[File] [PATCH] of Magdir/msdos Microsoft OneNote Package misidetfied as Microsoft Cabinet archive
Christos Zoulas
christos at zoulas.com
Wed Sep 7 11:17:42 UTC 2022
Added, thanks!
christos
> On Sep 6, 2022, at 6:56 PM, Jörg Jenderek <joerg.jen.der.ek at gmx.net> wrote:
>
> -----BEGIN PGP SIGNED MESSAGE-----
> Hash: SHA1
>
> Hello,
>
> Some days ago i run the cleaning tool czkawka found on
> https://qarmin.github.io/czkawka/. One menu item concerns bad
> extensions. After running tool i looked in saved file list
> results_bad_extensions.txt for bad extension examples.
> One listed extension is ONEPKG.
>
> When running file command (version 5.42) on such examples i get an
> output like:
>
> DemoNotebook.onepkg: Microsoft Cabinet archive data,
> many, 234775 bytes, 8 files,
> at 0x2c
> +A "Bespechungsnotizen.one"
> +A "Forschung.one"
> , number 1,
> 12 datablocks, 0x1203 compression
> Notebook03.onepkg: Microsoft Cabinet archive data,
> many, 1272589 bytes, 2 files,
> at 0x44
> +Utf "Editor \303\266ffnen.onetoc2"
> +Utf "Allgemein.one"
> , flags 0x4, number 1,
> extra bytes 20 in head,
> 44 datablocks, 0xf03 compression
> ONGuide.onepkg: Microsoft Cabinet archive data,
> many, 248915 bytes, 2 files,
> at 0x44
> + "Editor \303\266ffnen.onetoc2"
> + "Erste Schritte - Beta 1.one"
> , flags 0x4, number 1,
> extra bytes 20 in head,
> datablocks, 0xf03 compression
> test-onenote.onepkg: Microsoft Cabinet archive data,
> Windows 2000/XP setup, 3977 bytes, 1 file,
> at 0x2c
> +A "test-onenote.one"
> , number 1,
> 1 datablock, 0x1203 compression
>
> With --extension option cab or _/?_/??_ is displayed. Furthermore
> with -i option only generic application/vnd.ms-cab-compressed
> is shown.
>
> For comparison reason i run the file format identification utility
> TrID ( See https://mark0.net/soft-trid-e.html). This identifies all
> such examples with low rate as "Microsoft Cabinet Archive" by
> ark-cab.trid.xml. Many examples are described with high rate
> as "Microsoft OneNote Package" by onepkg.trid.xml
> (See appended trid-v-onepkg.txt.gz).
>
> For comparison reason i also run the file format identification
> utility DROID ( See https://sourceforge.net/projects/droid/). This
> identifies few examples also only generic as "Windows Cabinet File"
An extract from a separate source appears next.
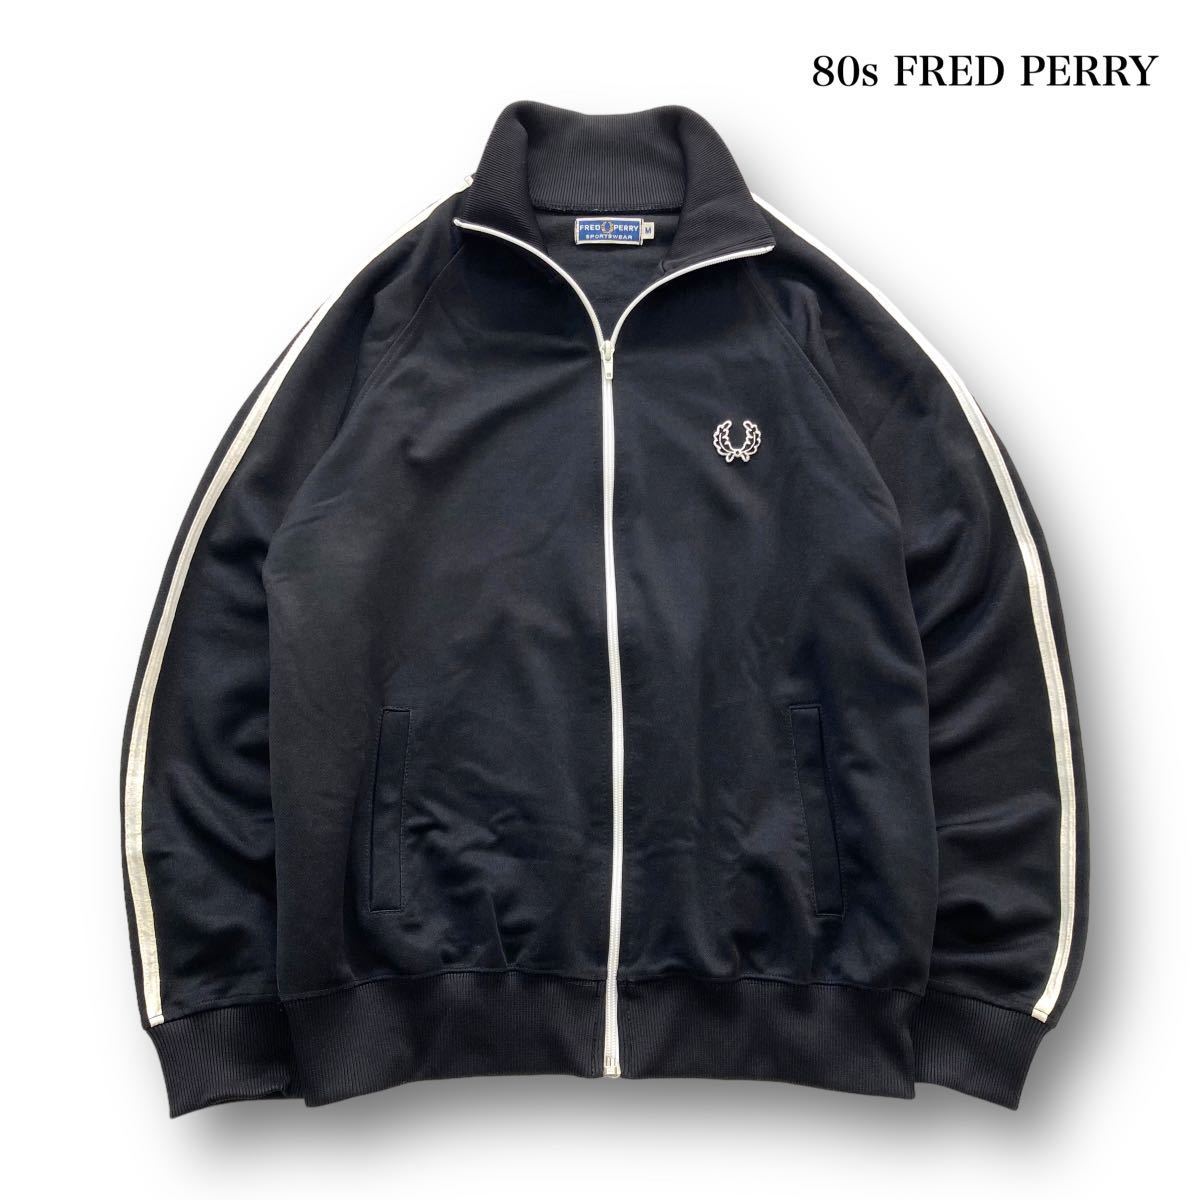 FRED PERRY】80s フレッドペリー トラックジャケット ジャージ

> with mime type application/vnd.ms-cab-compressed by PUID x-fmt/414.
> But it complains about file suffix ONEPKG. Many examples are
> described as "Microsoft OneNote Package File" by fmt/987 (See
> appended output/droid-onepkg.csv). This utility identifies onepkg by
> looking for file name extension onetoc inside the first 2 KB blocks.
> But this not always true, because some packages have no table of
> contents.
>
> Luckily TrID with -v option shows Related URL and file name
> extension. So with this help information about file formats can be
> added. That is expressed inside Magdir/msdos by comment lines like:
>
> # URL: https://en.wikipedia.org/wiki/Microsoft_OneNote
> # http://fileformats.archiveteam.org/wiki/OneNote
> # Reference: https://mark0.net/download/triddefs_xml.7z
> # defs/o/onepkg.trid.xml
>
> According to that documentation ONEPKG are just CAB archive
> containing Microsoft OneNote, with 3 byte file name extension one.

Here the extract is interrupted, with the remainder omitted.